The Switch is not a hugely powerful piece of hardware, though Nintendo managed to produce the huge and epic Tears of the Kingdom for it, extracting every bit of performance to perfection. The Switch has seen some tremendous games, including Super Mario Maker 2, Super Mario Wonder, mainstream Pokemon titles, new Super Smash Bros games, and many more. It also grants access to libraries of previous Nintendo consoles, via the online service, and it has moved to third on the list of all-time console sales, just behind the Nintendo DS, and not far behind the PS2. Although the Switch was released four years after the PS4, it has outsold the PS4 to the tune of nearly 29 million sales. It comfortably eclipsed the X-Box One. It marked a powerful new era for Nintendo, but the question remained, would they learn from this experience, or would they try yet again to be too quirky, too different, in pursuit of their next hardware?
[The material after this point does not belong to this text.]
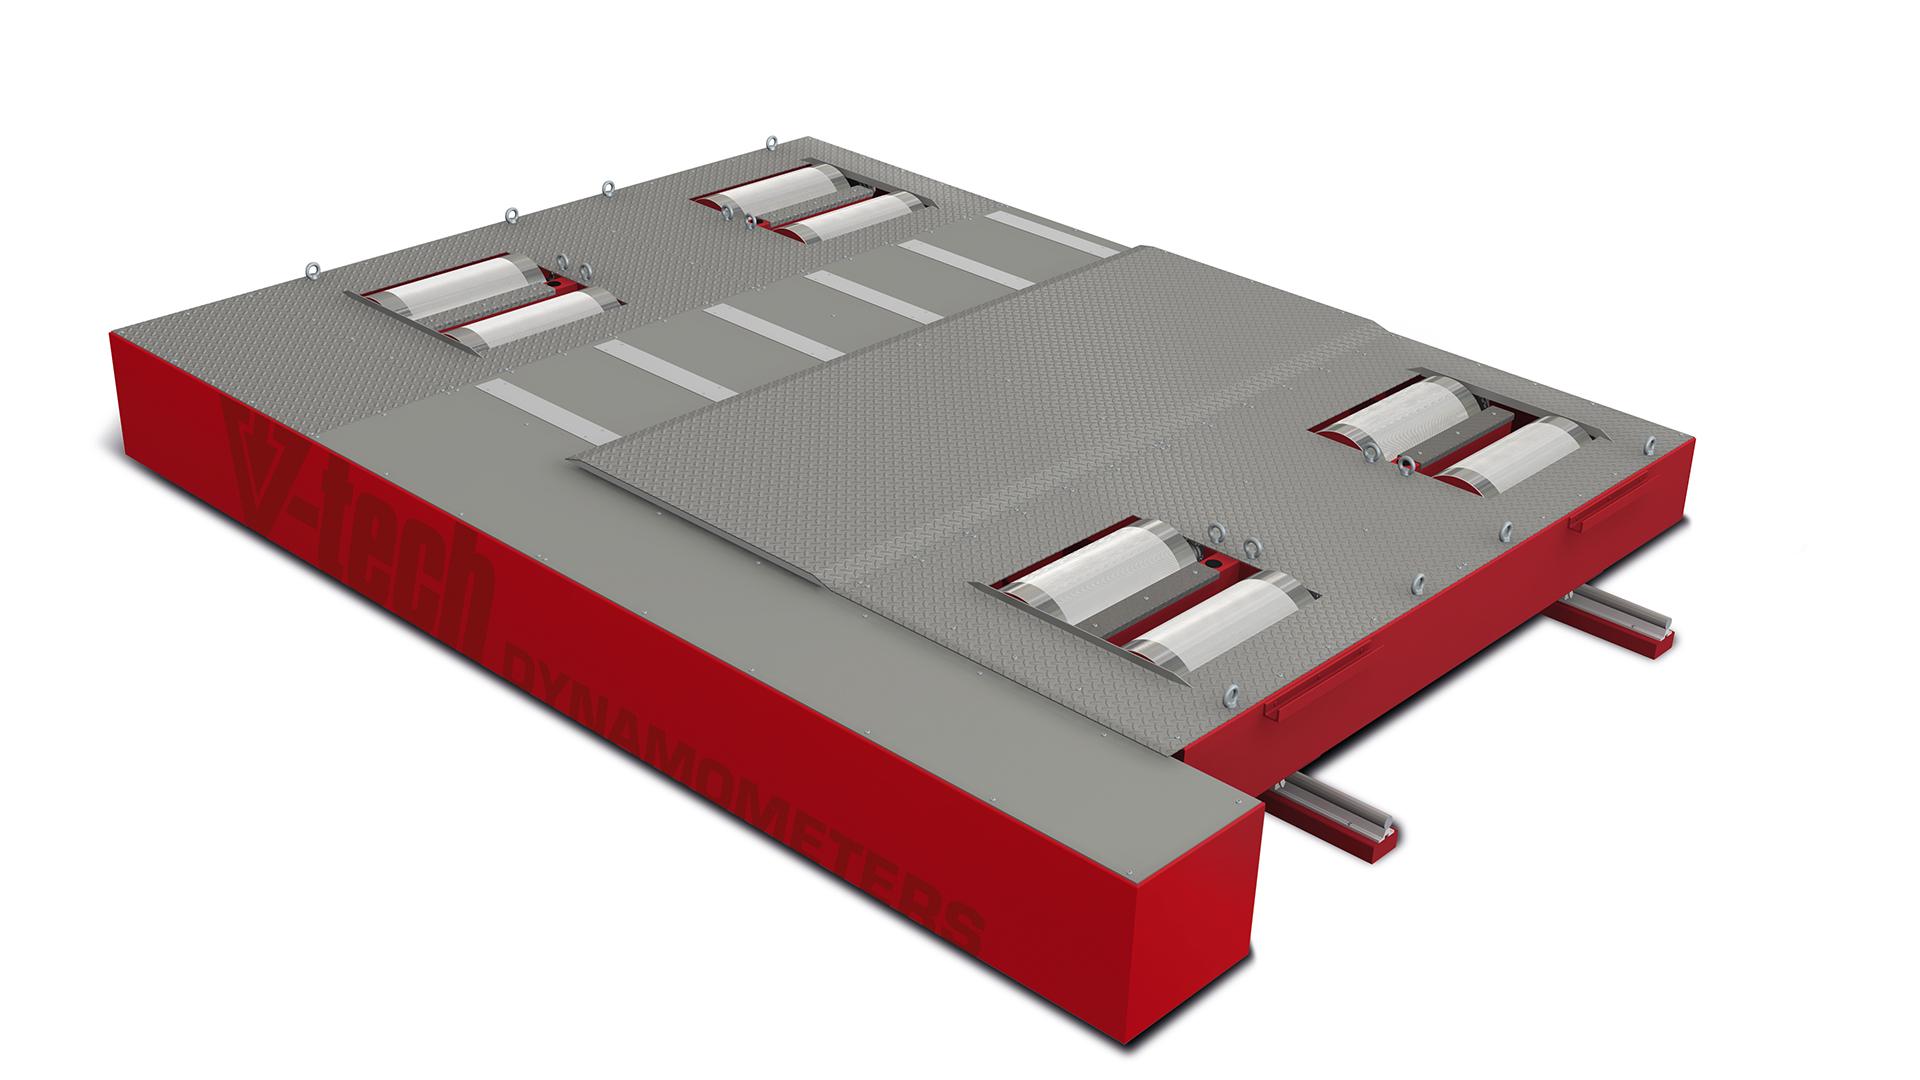 VT 4 Modular Dynamometer V tech Dynamometers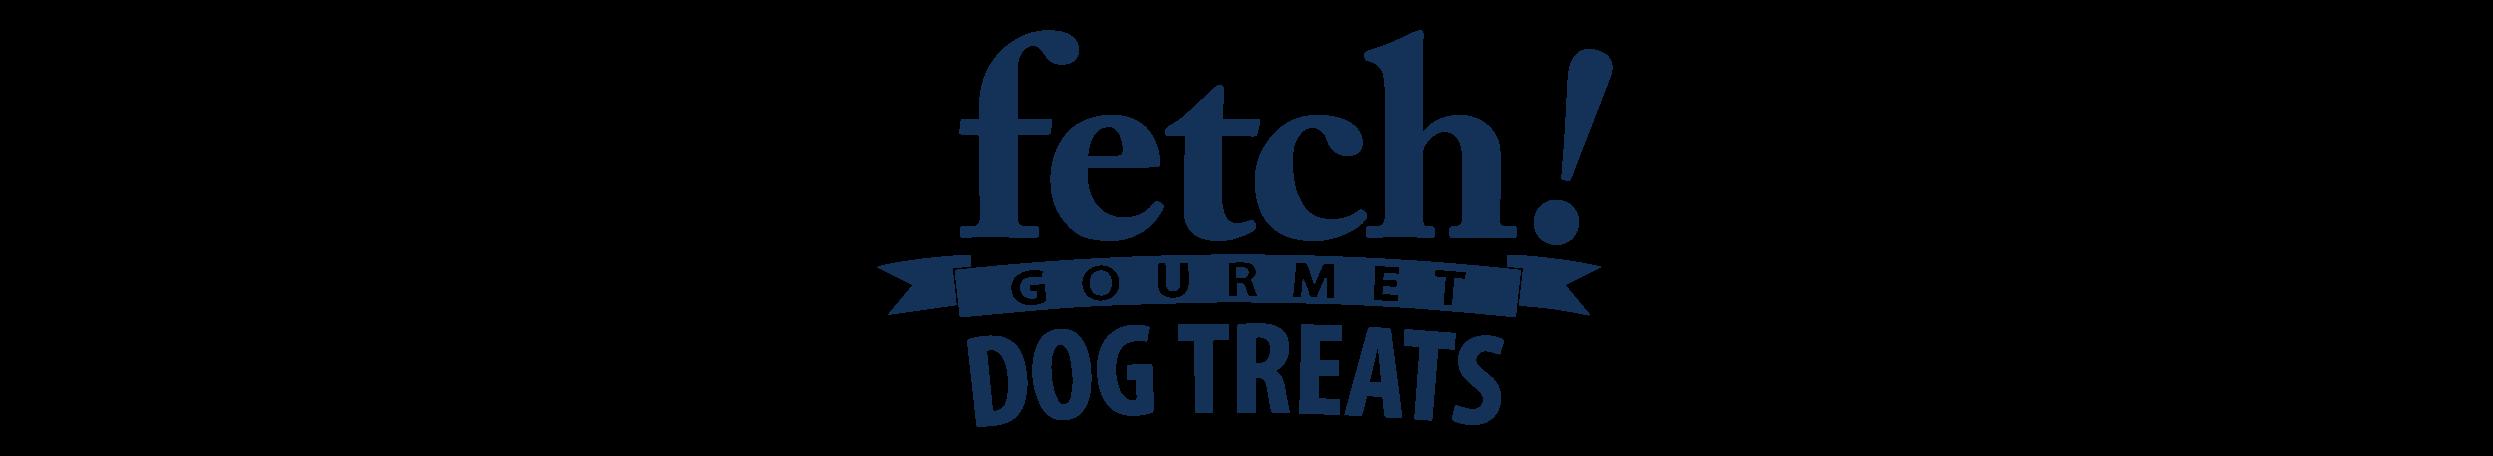 Fetch Dog Treats Testimonial.png

The answer is an emphatic no.
The Switch 2 is an evolution of the console, being bigger, and presumably more powerful. At the time of writing this, Nintendo have given us only one brief, somewhat dry trailer, with a further announcement due in April. I’ll aim to update this article then. There are many details to iron out, but it does look as though Nintendo have decided to go with what works, and push that idea forward. Precisely how this will play out is unclear, but there’s been a huge interest in the Switch 2, ever since it was rumoured to be in development, back in 2023. I will confess to being excited, as I am often am when Nintendo release a new console. Can Nintendo capture lightening in a bottle twice over? I hope so.